Economists: Job Effects of Alabama Immigration Unclear, May Take Years to Determine

Associated Press: Economists say it may take years and extensive research to determine whether Alabama's new law clamping down on illegal immigration helps or hurts the state's job market.

Supporters of the law have cited improving unemployment numbers in a few counties with large Hispanic populations to claim the law is helping create jobs for legal residents. Critics were bolstered by an industry report last week that showed fewer construction jobs in Alabama, presumably because the sector contracted as workers left the state because of the law.

Experts said neither claim holds much water, at least statistically.

Illegal immigrants don't show up in labor statistics because they are part of an "underground economy" and often are paid off-the-books and in cash, they said. Federal unemployment statistics are based on random telephone interviews, and people living in the country illegally typically don't have listed phone numbers so they aren't contacted.

Also, they said, employment trends typically build gradually and take time to become visible to statisticians. The law didn't take effect until Sept. 29.

Malcolm Getz, an economist at Vanderbilt University in Nashville, Tenn., said short-term effects of the law will be masked by other things within the marketplace, like the continuing recovery of the financial industry.

"Empirical evidence on the issue will be several years off," Getz said. He suspects the law will hurt the state's economy in the long-run but said no proof is readily available.

He says those factors include the continuing recovery of the financial industry.

Keivan Deravi, of Auburn University Montgomery, said the only way to accurately assess the impact of the law is to research the state's agriculture and construction industries, which both have large numbers of immigrant workers.

"(The impact) can easily be captured if we start collecting all this anecdotal information and putting it in a database, but that has not been done yet," Deravi said.

The law's effect on employment is being watched because Republican supporters said it would free up positions for legal Alabama residents. They say unemployment should fall as illegal residents flee the state, allowing legal residents to fill in the gaps.

But legal residents aren't taking all the jobs that are being vacated. The Alabama Department of Agriculture and Industries, headed by Republican Commissioner John McMillan, plans a meeting with farmers and owners of agriculture-related businesses in Mobile on Tuesday to discuss solutions to what the agency called "chronic labor shortages created by Alabama's new immigration law."
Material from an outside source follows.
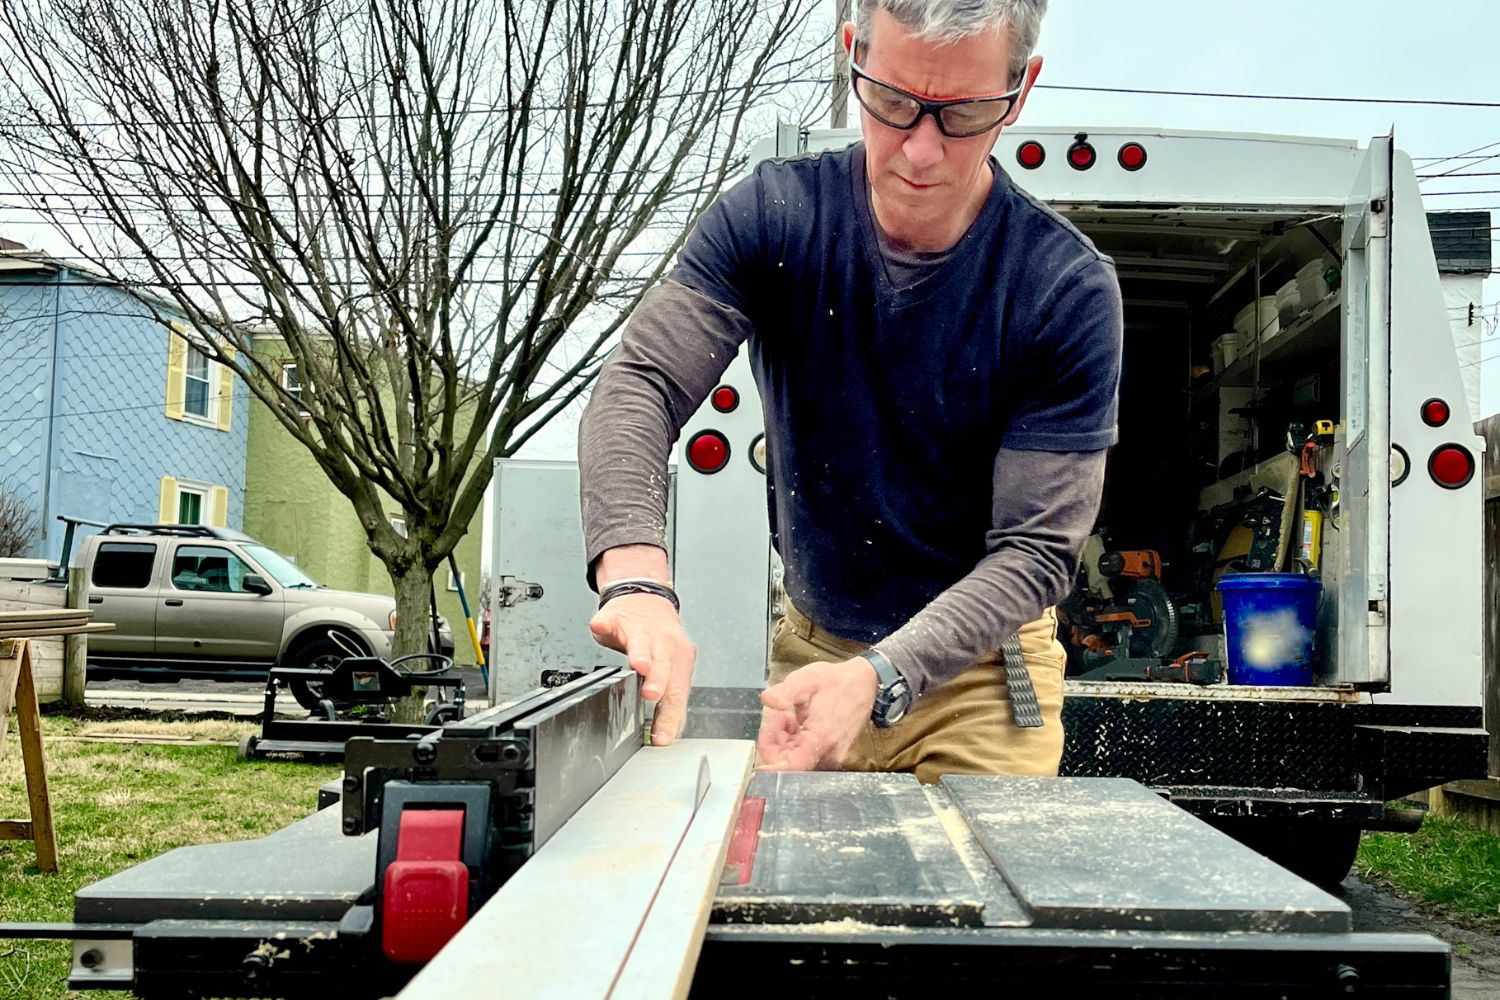 A person using the best table saw blade to cut a long board

Deravi said legal residents may fill positions once held by illegal immigrations, but any such changes would likely be small so far. The random phone surveys used to compile unemployment statistics would have only a tiny chance of finding people who got work because of the law, he said.

Part of the problem is that no one knows exactly how many illegal immigrants live in the state. Similarly, no one knows exactly how many are employed or how many might show up in companies' reports or paperwork, said Ahmad Ijaz, an economist at the University of Alabama.

"Most illegal immigrants are not included in the labor force. They generally work off the official payrolls for subcontractors or sub-subcontractors so no one really knows the exact numbers," Ijaz said. "Besides, (the) construction industry is in a recession anyway, so it will be awhile before we know once the construction industry picks back up to what the impact is."

Getz, in an interview conducted by email, said it will be difficult to ever get an accurate idea of the effects of the law.

"What changes are due to immigration policy and what is due to other events is difficult to say," he said. "Associating specific changes to immigration policy when many forces are at play is speculative. Careful analysis won't be possible for a number of years."